**Source data:**
──────
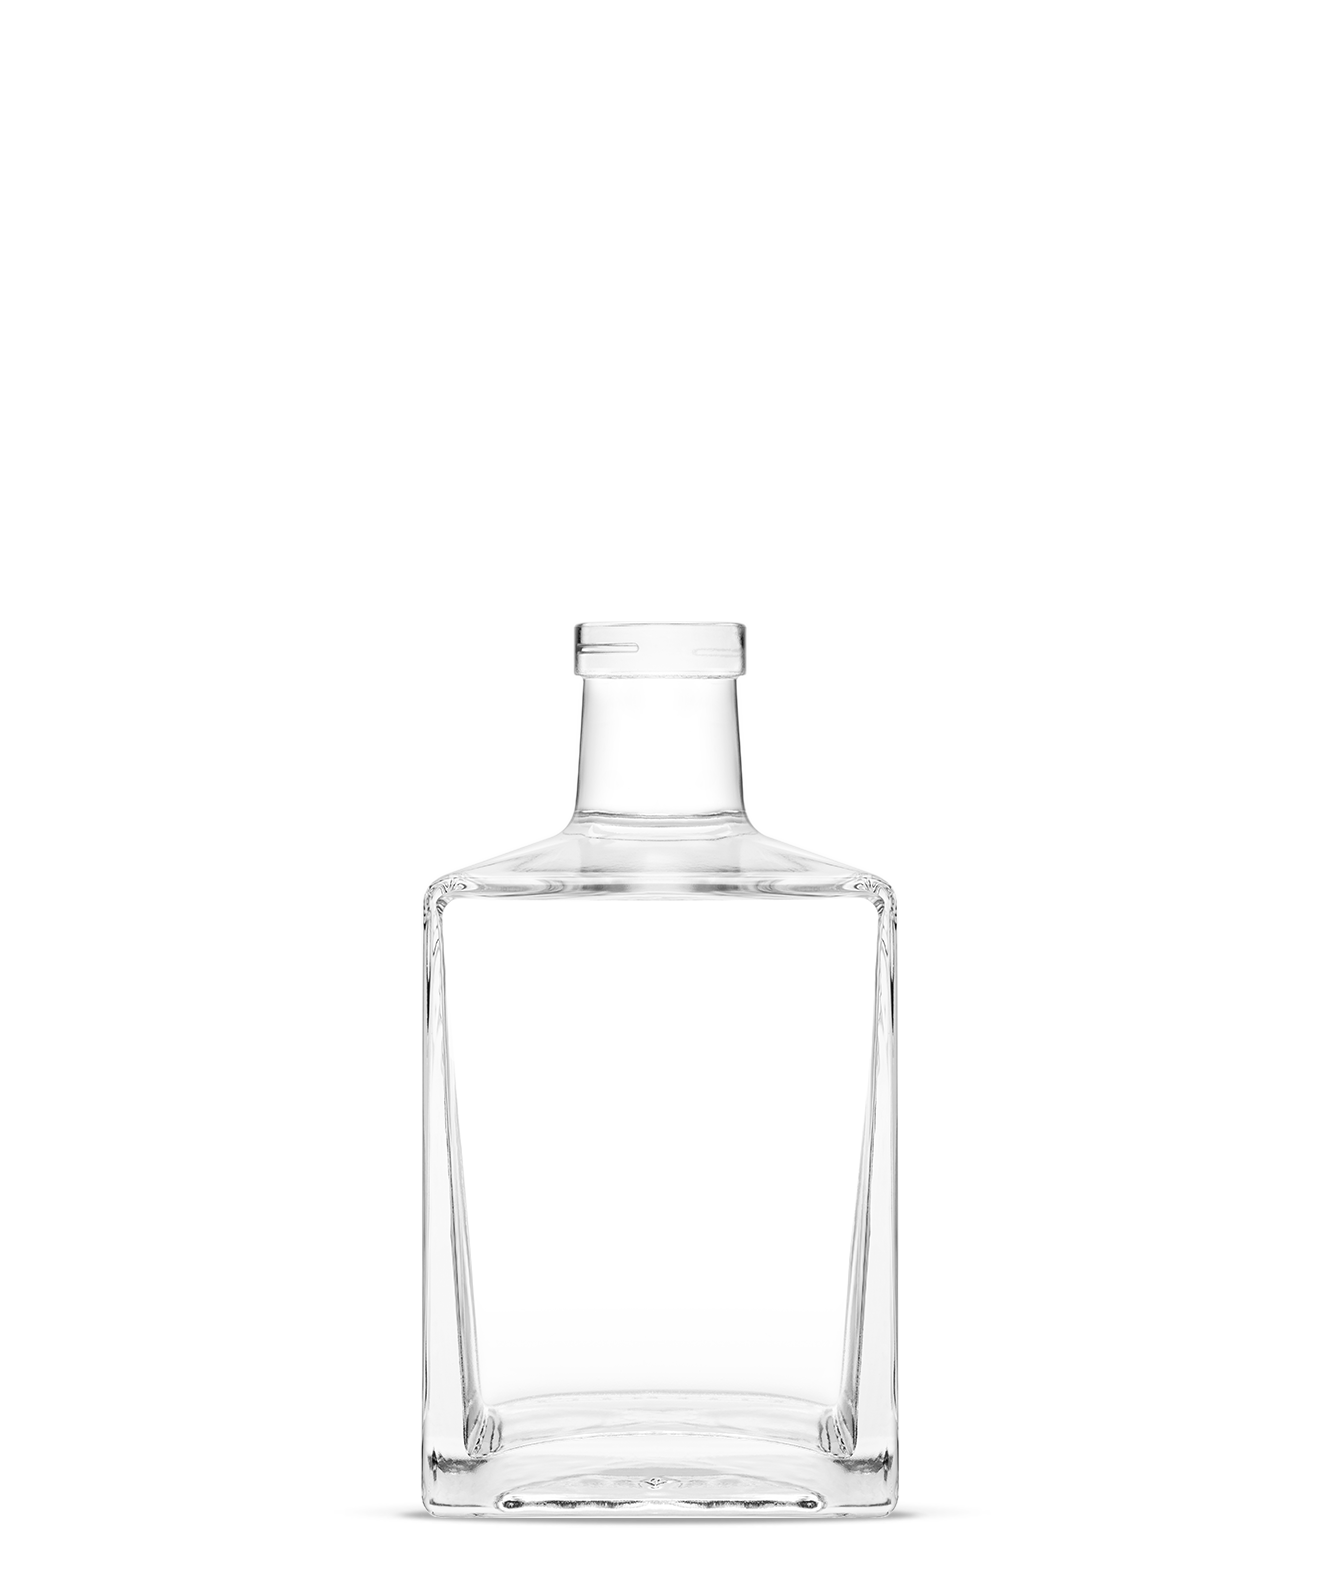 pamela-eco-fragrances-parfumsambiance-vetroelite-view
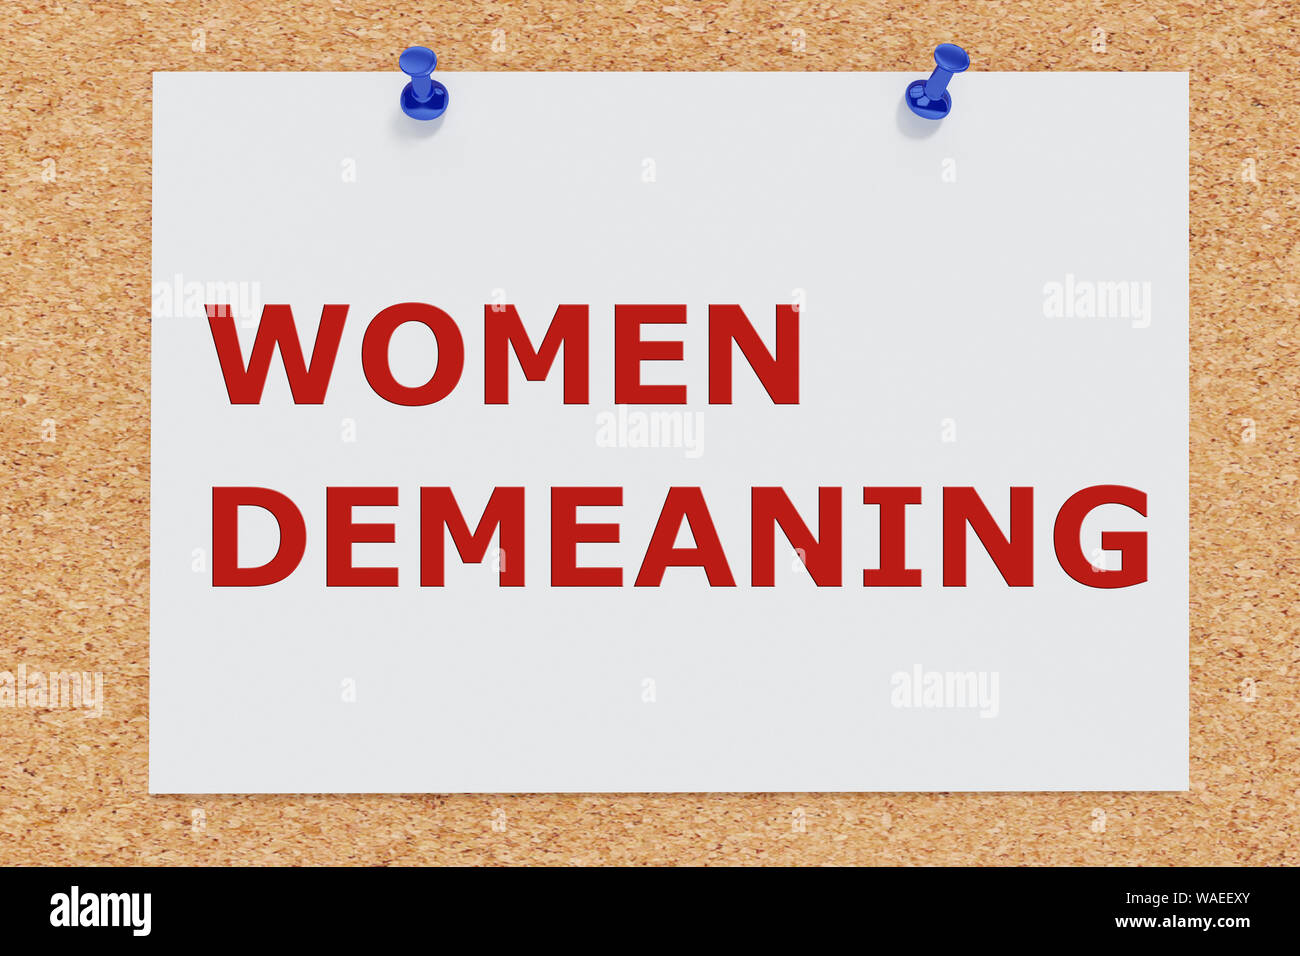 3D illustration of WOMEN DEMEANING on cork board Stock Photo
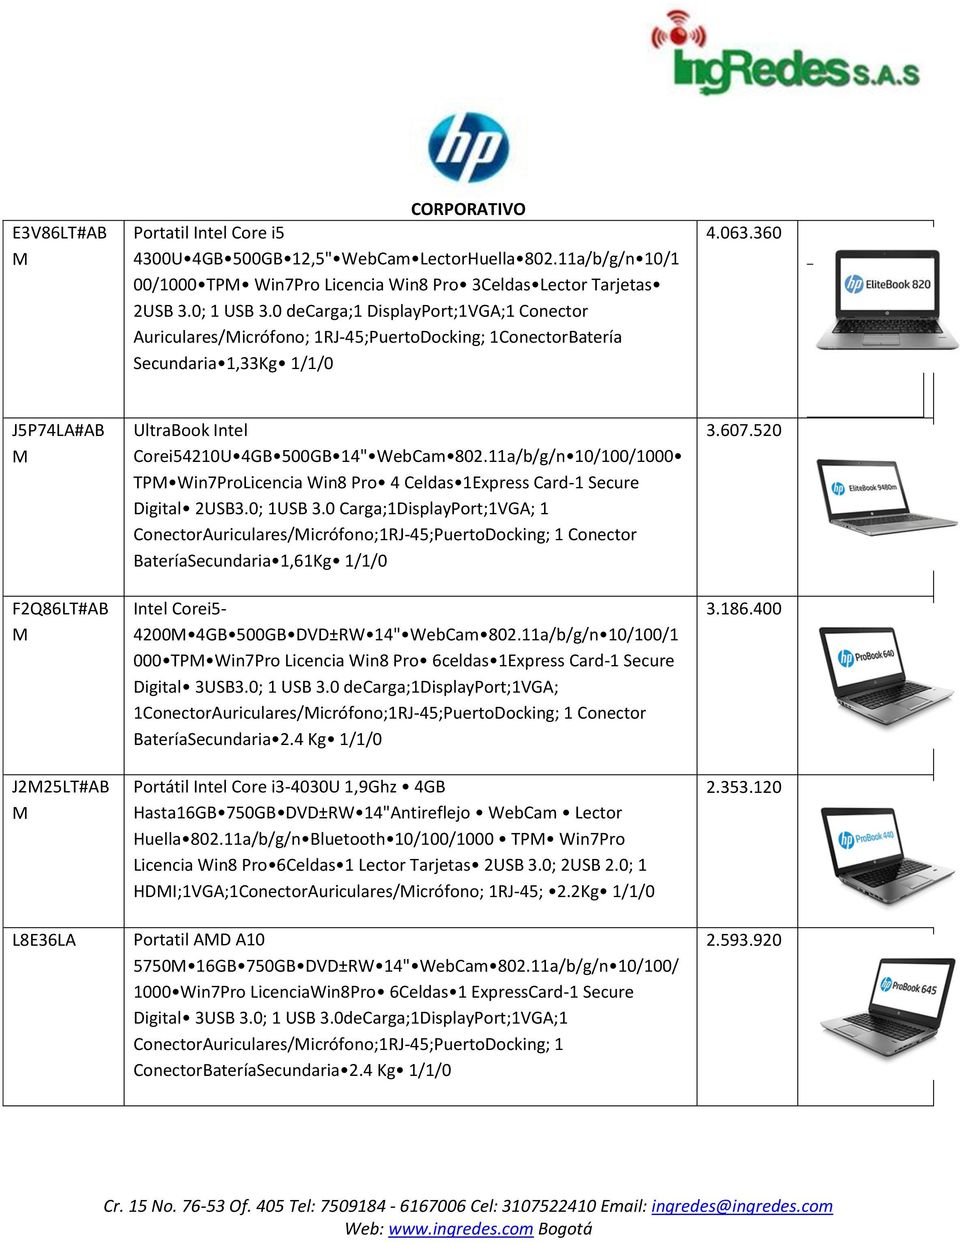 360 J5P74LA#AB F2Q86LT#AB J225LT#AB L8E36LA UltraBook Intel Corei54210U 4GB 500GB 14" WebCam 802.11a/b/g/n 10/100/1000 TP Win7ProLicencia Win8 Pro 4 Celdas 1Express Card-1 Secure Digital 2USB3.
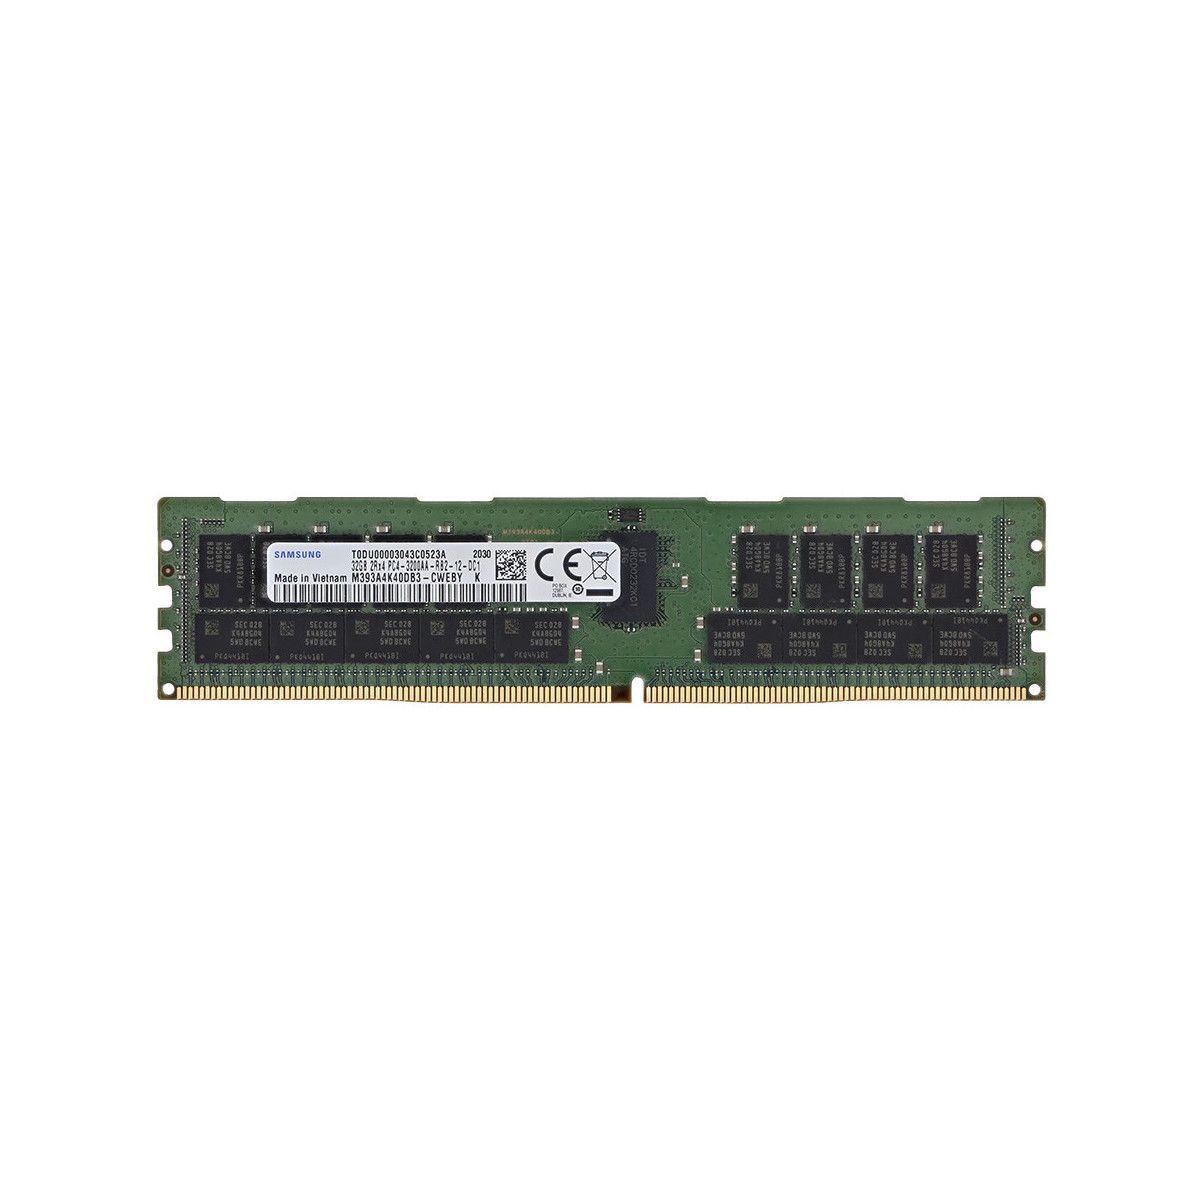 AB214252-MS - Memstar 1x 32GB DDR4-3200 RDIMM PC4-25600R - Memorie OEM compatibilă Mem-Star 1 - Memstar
──────
Transcribe the listing exactly; omit all images.

**Final answer:**
 pamela-eco-fragrances-parfumsambiance-vetroelite-view
 3D illustration of WOMEN DEMEANING on cork board Stock Photo
 360 J5P74LA#AB F2Q86LT#AB J225LT#AB L8E36LA UltraBook Intel Corei54210U 4GB 500GB 14" WebCam 802.11a/b/g/n 10/100/1000 TP Win7ProLicencia Win8 Pro 4 Celdas 1Express Card-1 Secure Digital 2USB3.
 AB214252-MS - Memstar 1x 32GB DDR4-3200 RDIMM PC4-25600R - Memorie OEM compatibilă Mem-Star 1 - Memstar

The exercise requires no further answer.